▶ _Data section_
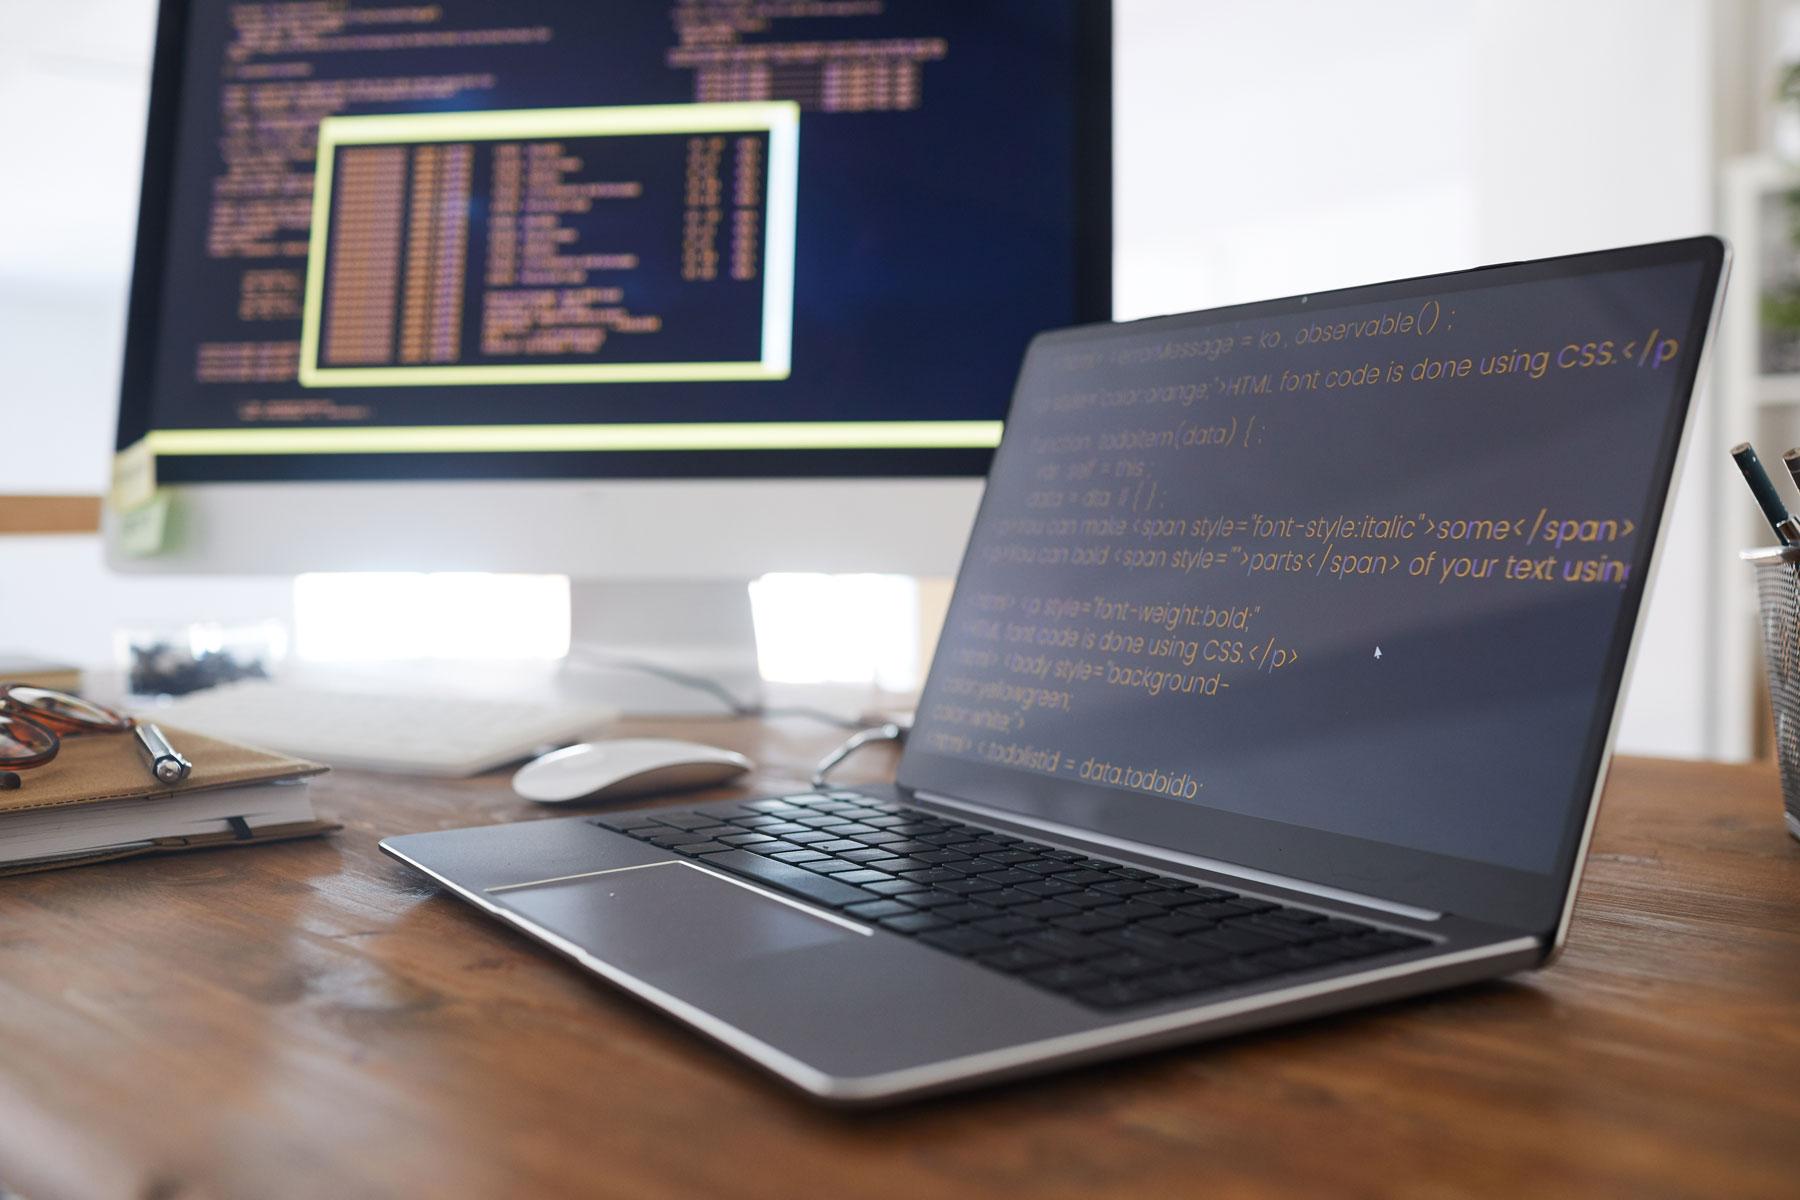 Web Development & Design, E-commerce Solutions, SEO & SEM, Social Media Services, Branding, Mobile Applications, Media Production
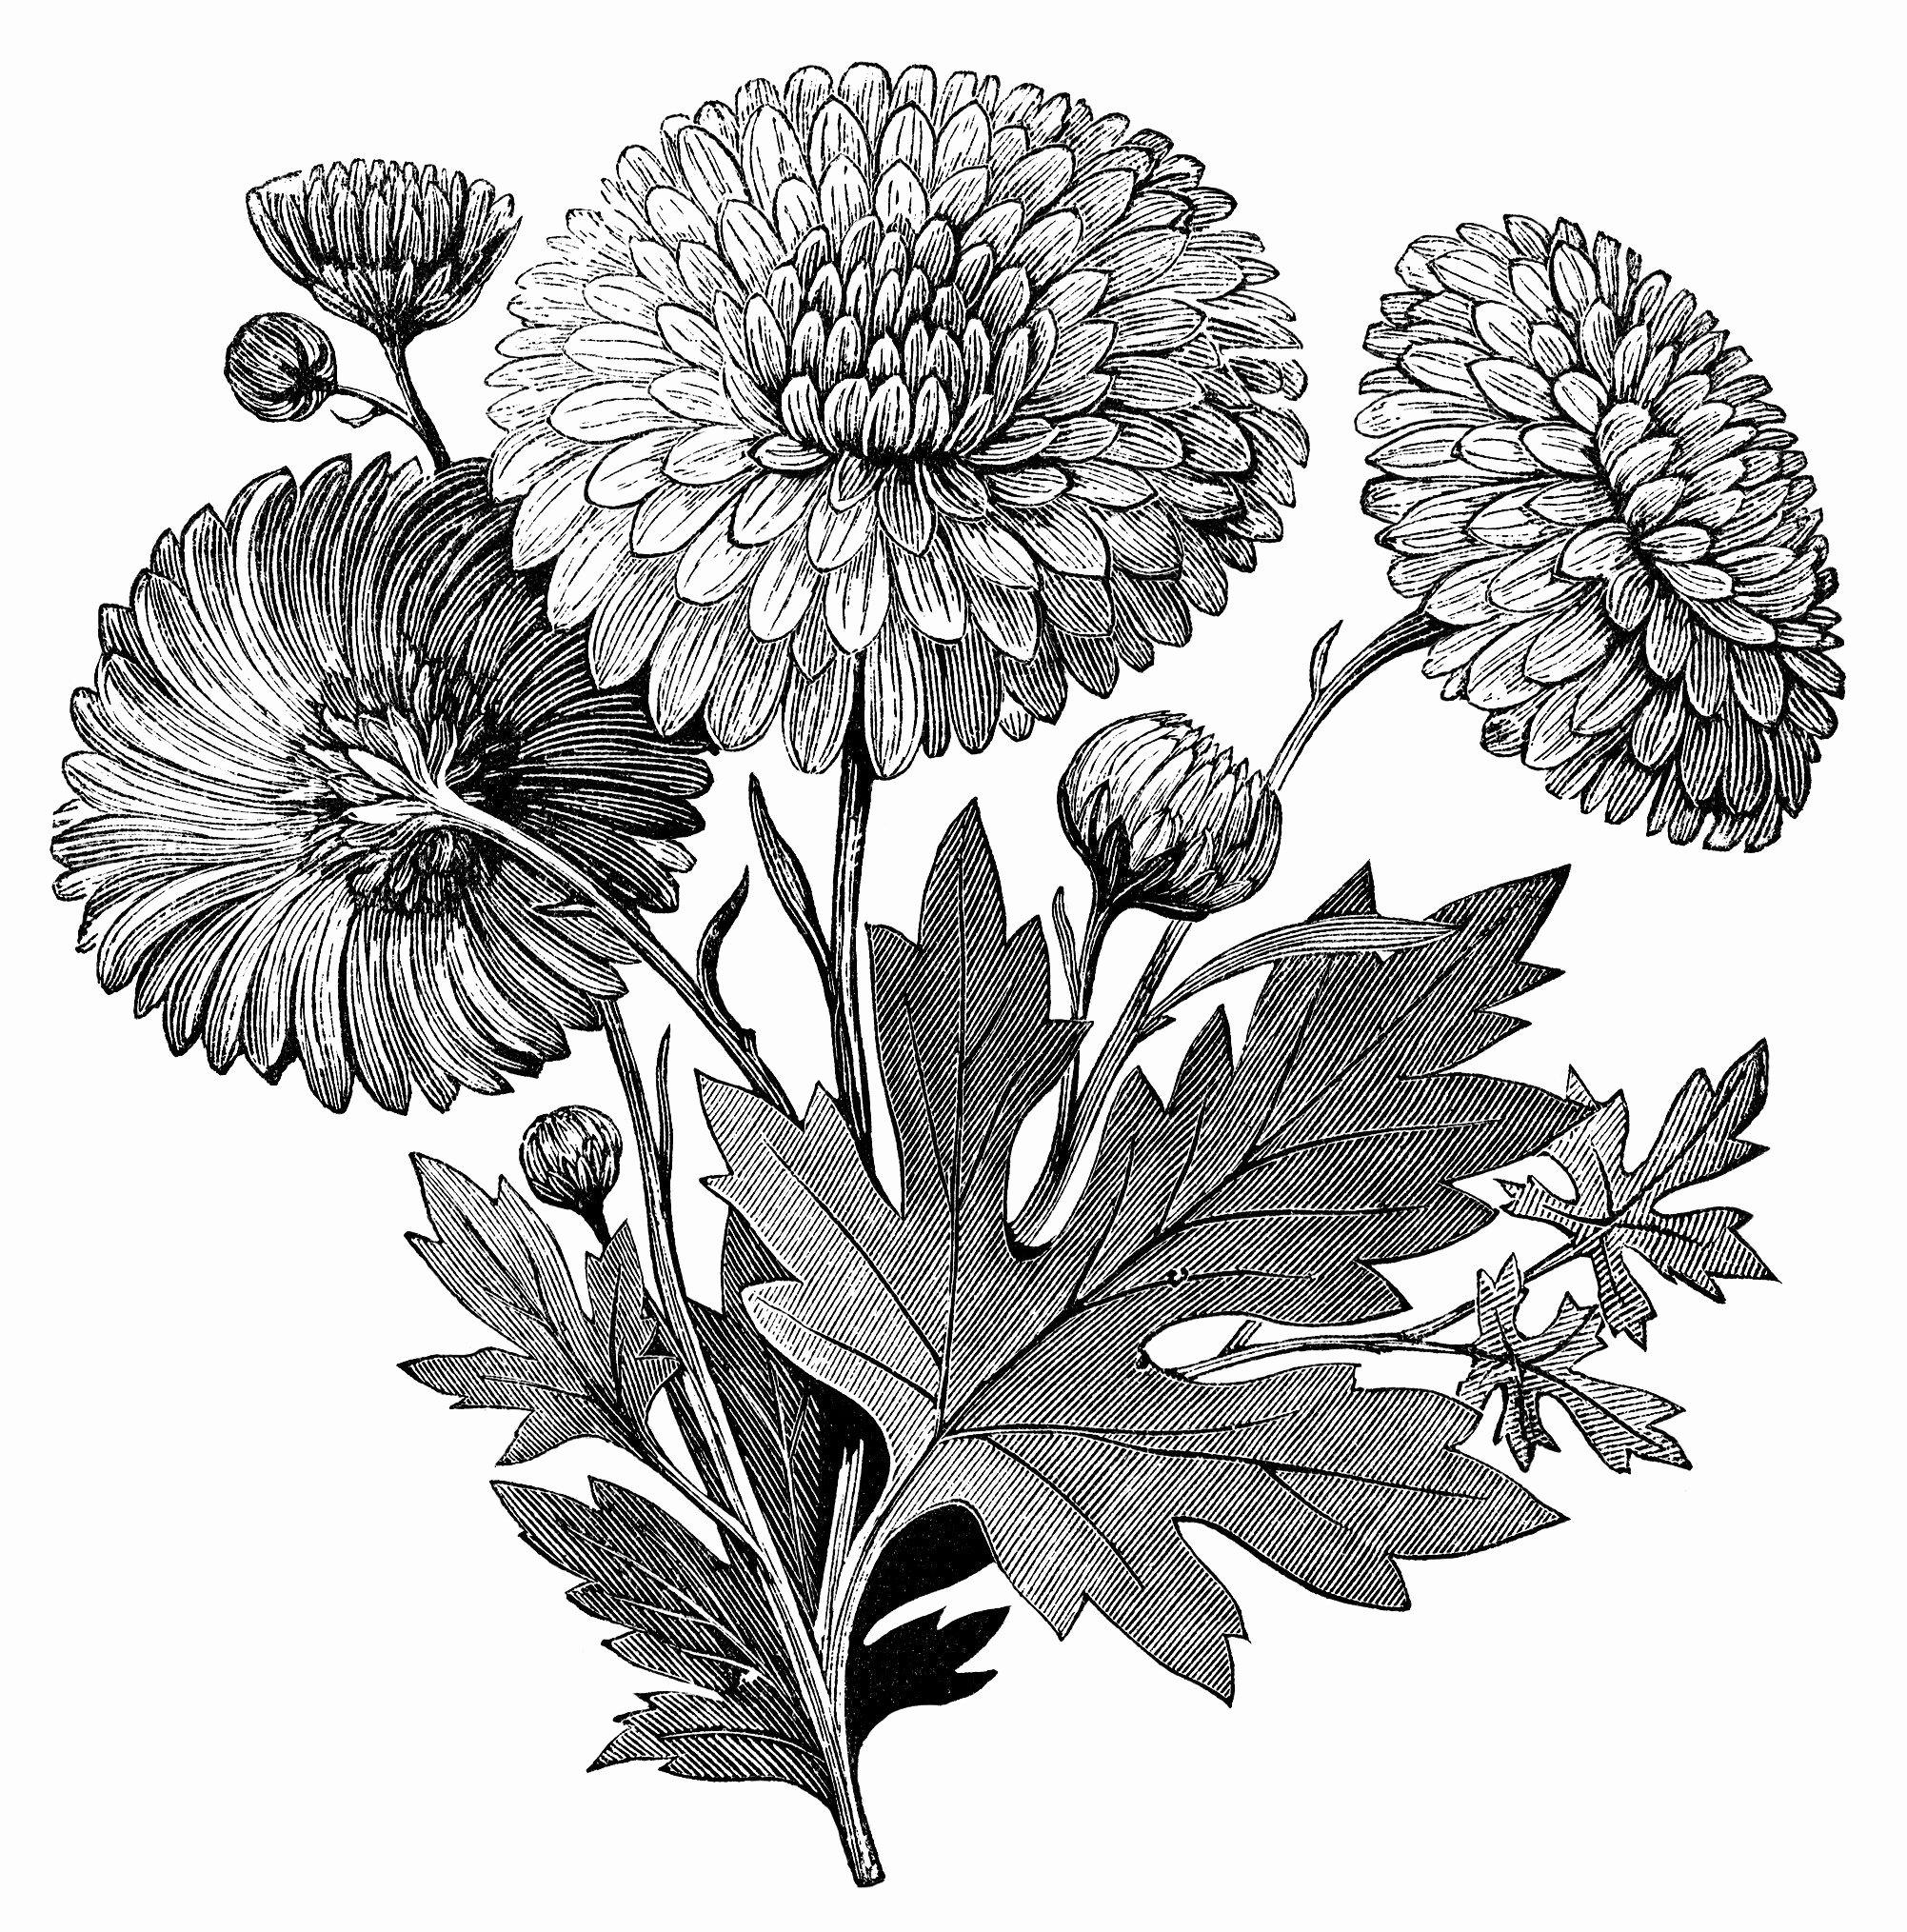 Black and White Flower Drawings Luxury Vintage Flower Clipart Early Flowering Chrysanthemum Chrysanthemum Illustration Black and
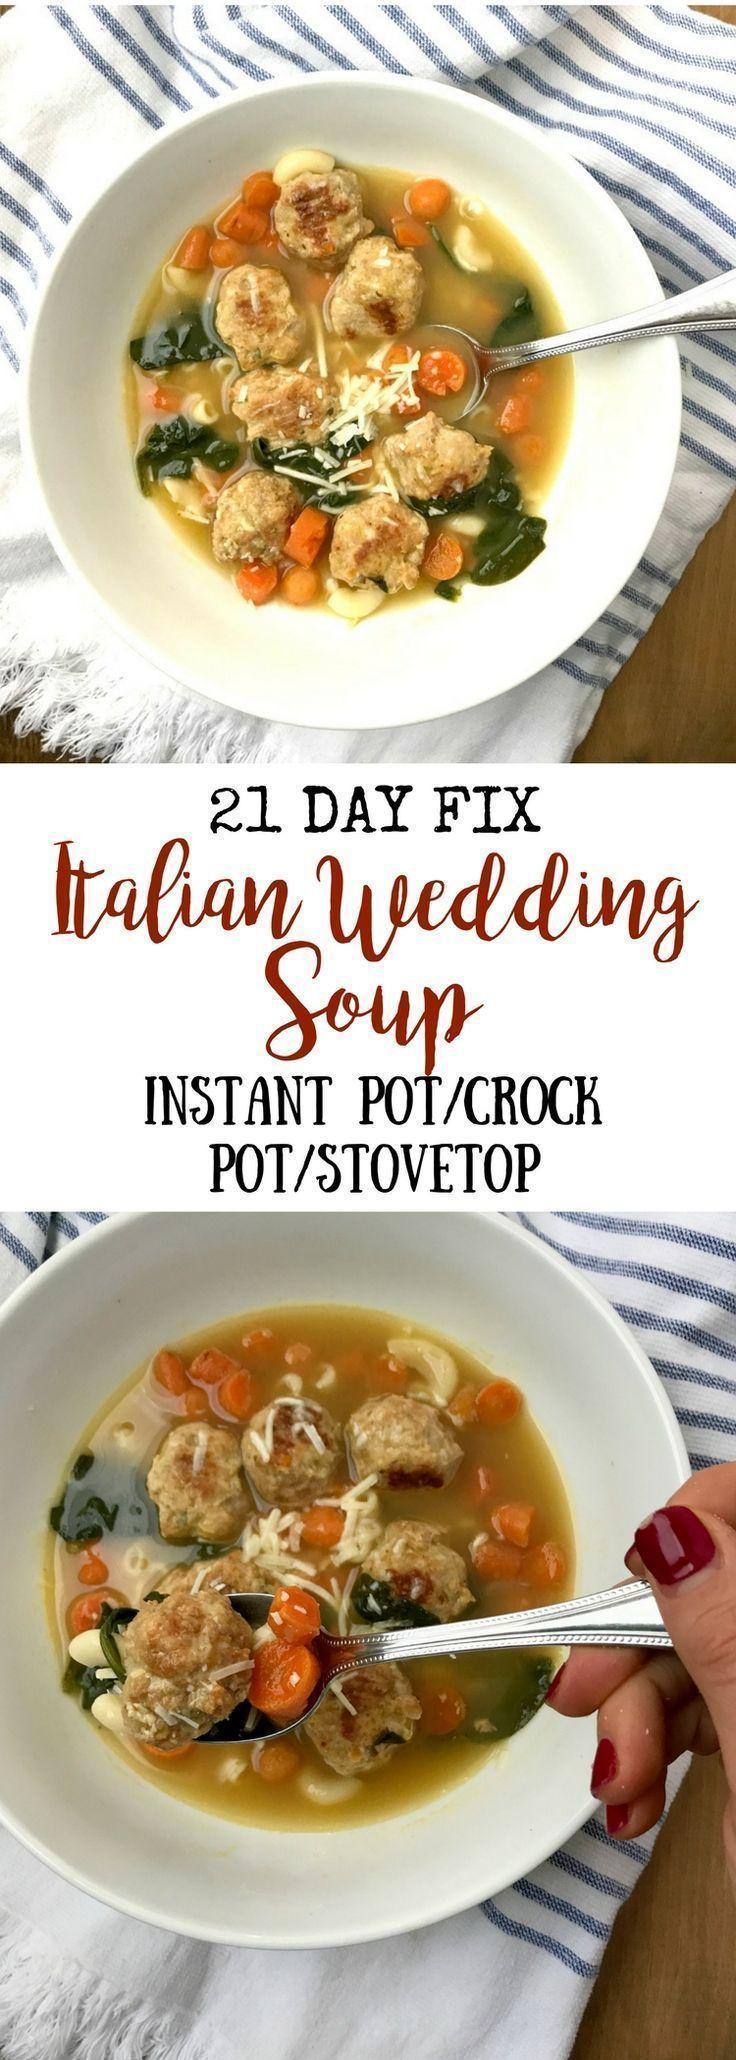 Italian Wedding Soup {21 Day Fix} Make 6 cups chicken

▶ _Exercise details_
In full and without any pictures, print the listing above exactly.

▶ _Exercise result_
 Web Development & Design, E-commerce Solutions, SEO & SEM, Social Media Services, Branding, Mobile Applications, Media Production
 Black and White Flower Drawings Luxury Vintage Flower Clipart Early Flowering Chrysanthemum Chrysanthemum Illustration Black and
 Italian Wedding Soup {21 Day Fix} Make 6 cups chicken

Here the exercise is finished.